Inmarsat has cited Gogo’s success as the reason the company has moved to build ATG in Europe, but with primarily ATG-provider Gogo suggesting the technology is a thing of the past, it’s hard to know which way the market is going.

“It seems like the collective wisdom is that ATG will have a place in the in-flight connectivity market, but then you have Gogo — the only actual ATG provider — saying that satellite is the future,” said Andrew Spinola, vice president at Wells Fargo Securities. “I don’t know which technology will win, but it certainly seems likely to me that ATG will have a place in Europe and probably the U.S., as well.”

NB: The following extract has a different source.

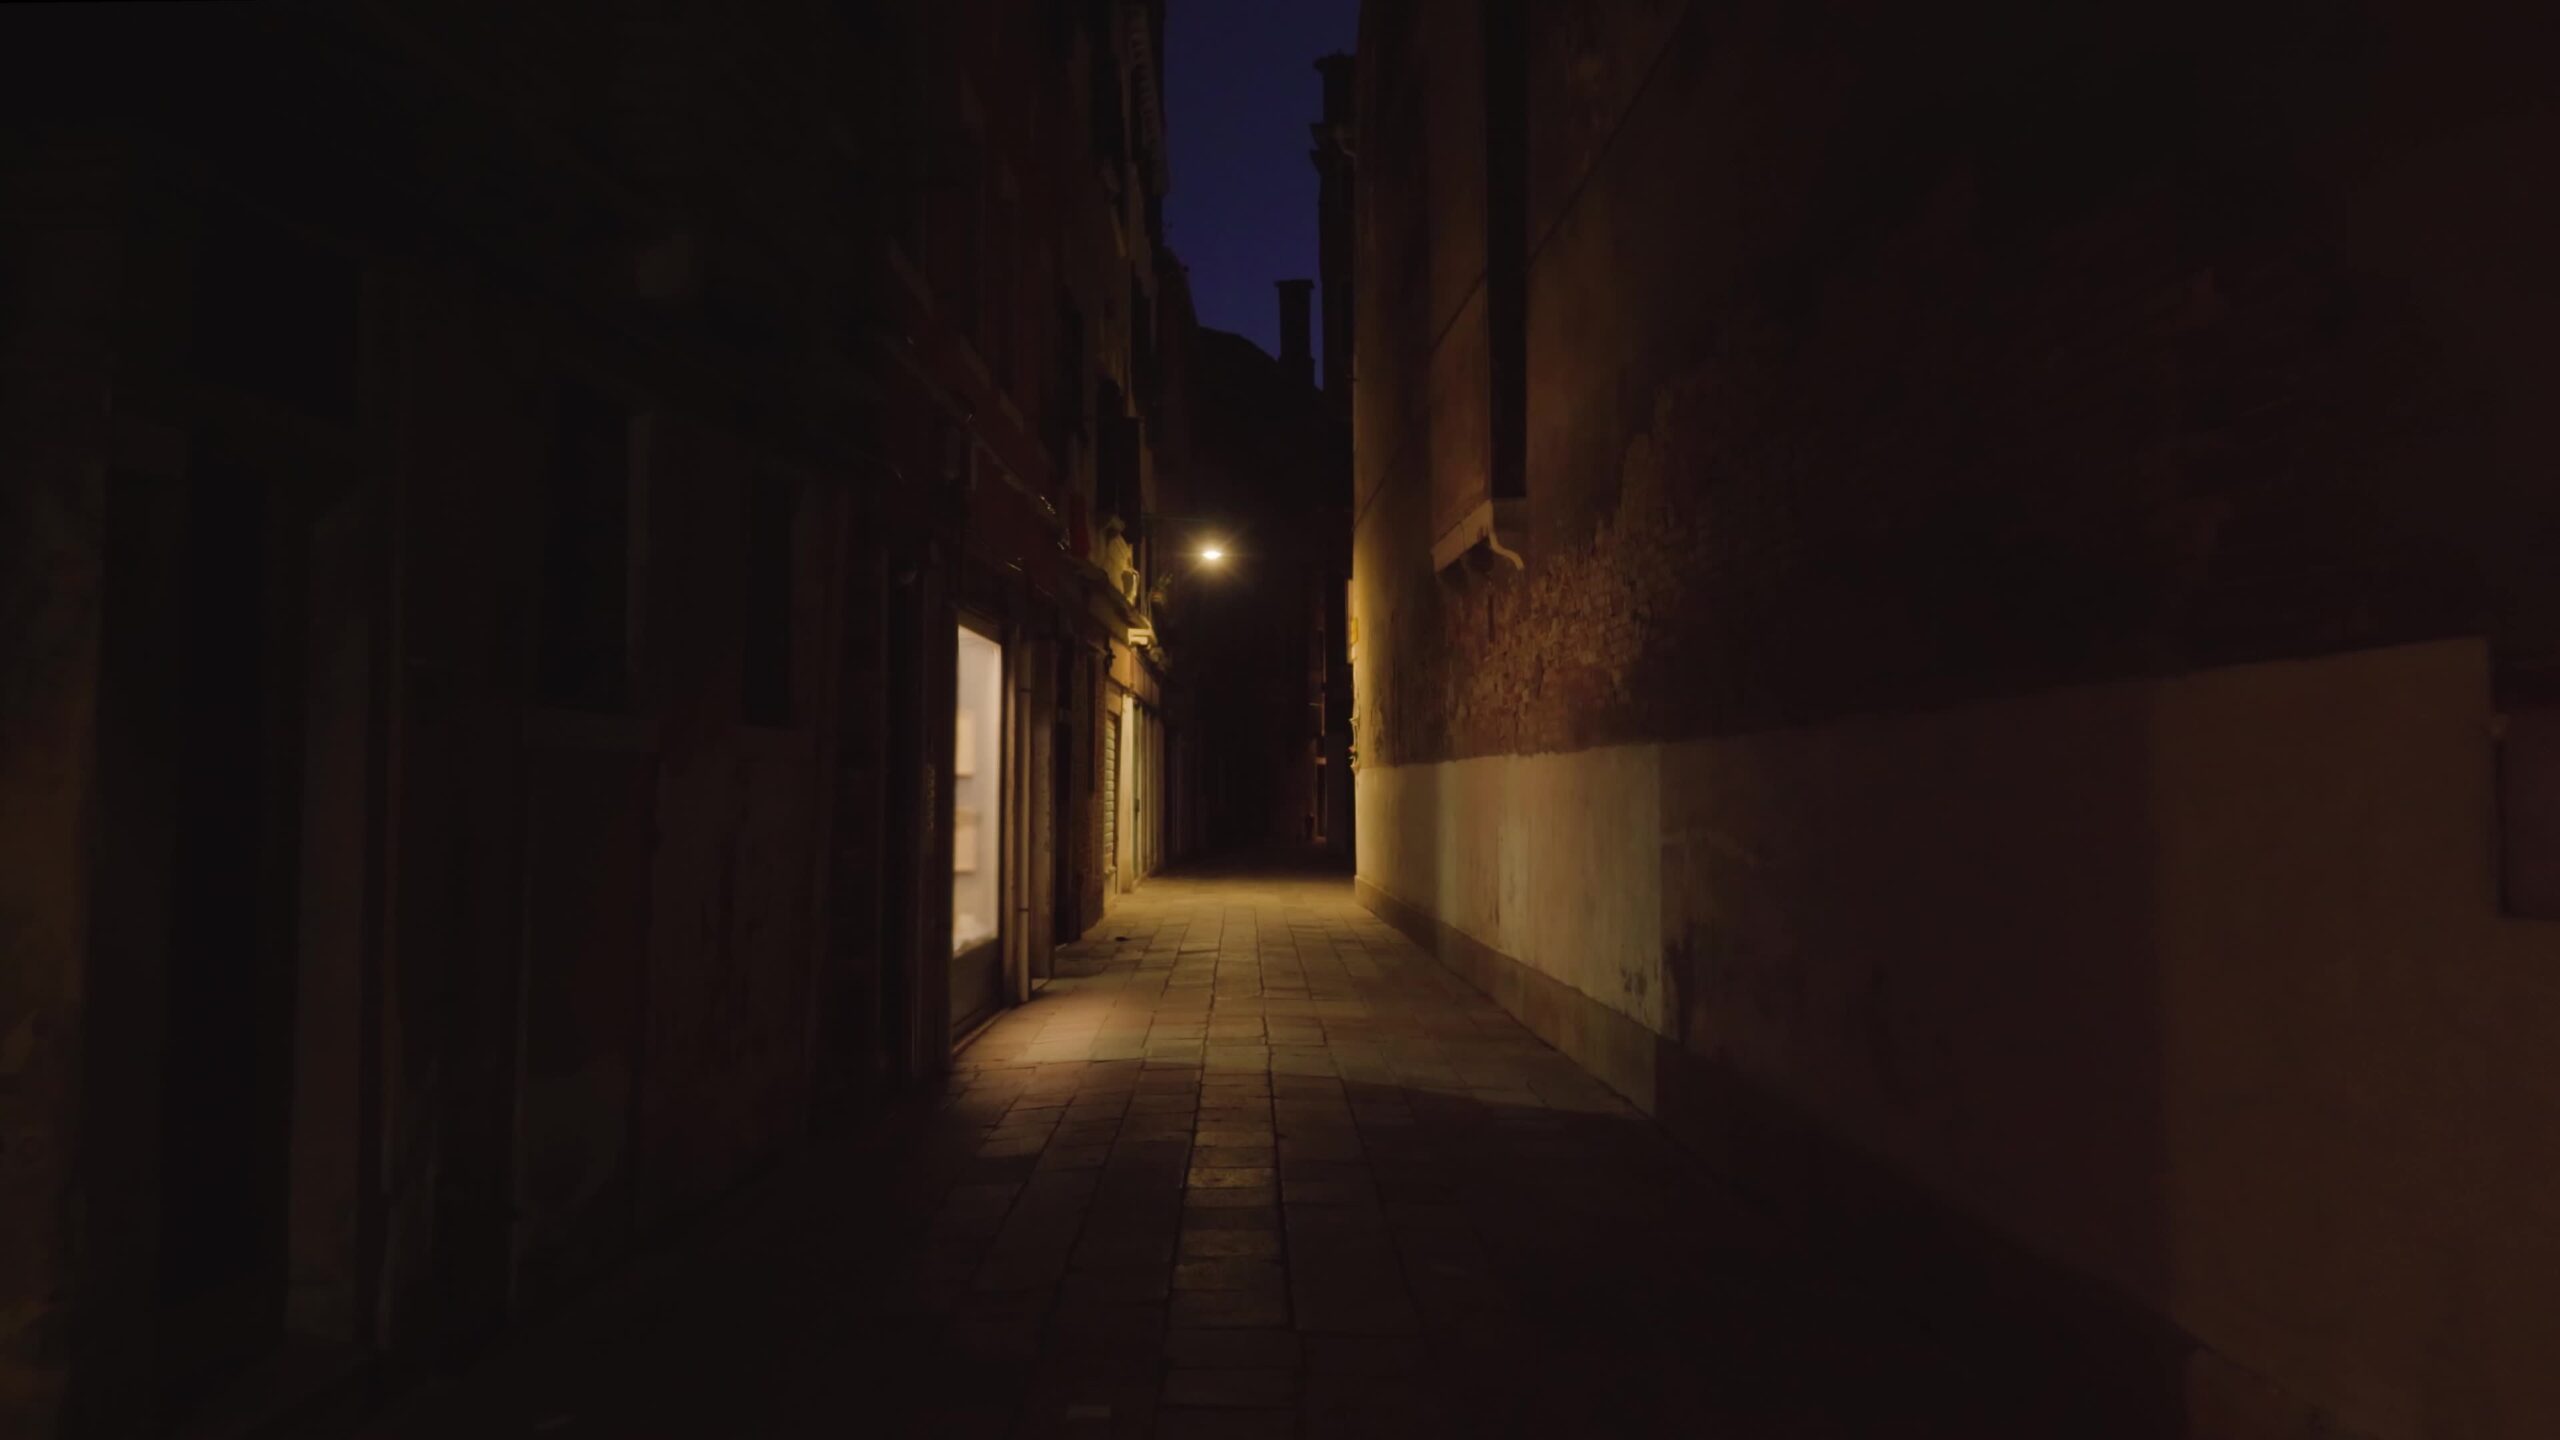 Strada vuota scura lunga e stretta illuminata da finestra e lampada

Much remains to be seen in the way of the future of the connectivity market. Despite the direction, however, each company is moving forward to develop faster, more efficient and, above all, more reliable connectivity.

“Getting more bandwidth to planes is transformative,” Small said, speaking on ways the industry will move forward. “Getting into the connected aircraft and how that platform is and how we open it up in a twisted way to all the aviation ecosystem, that’s transformative.”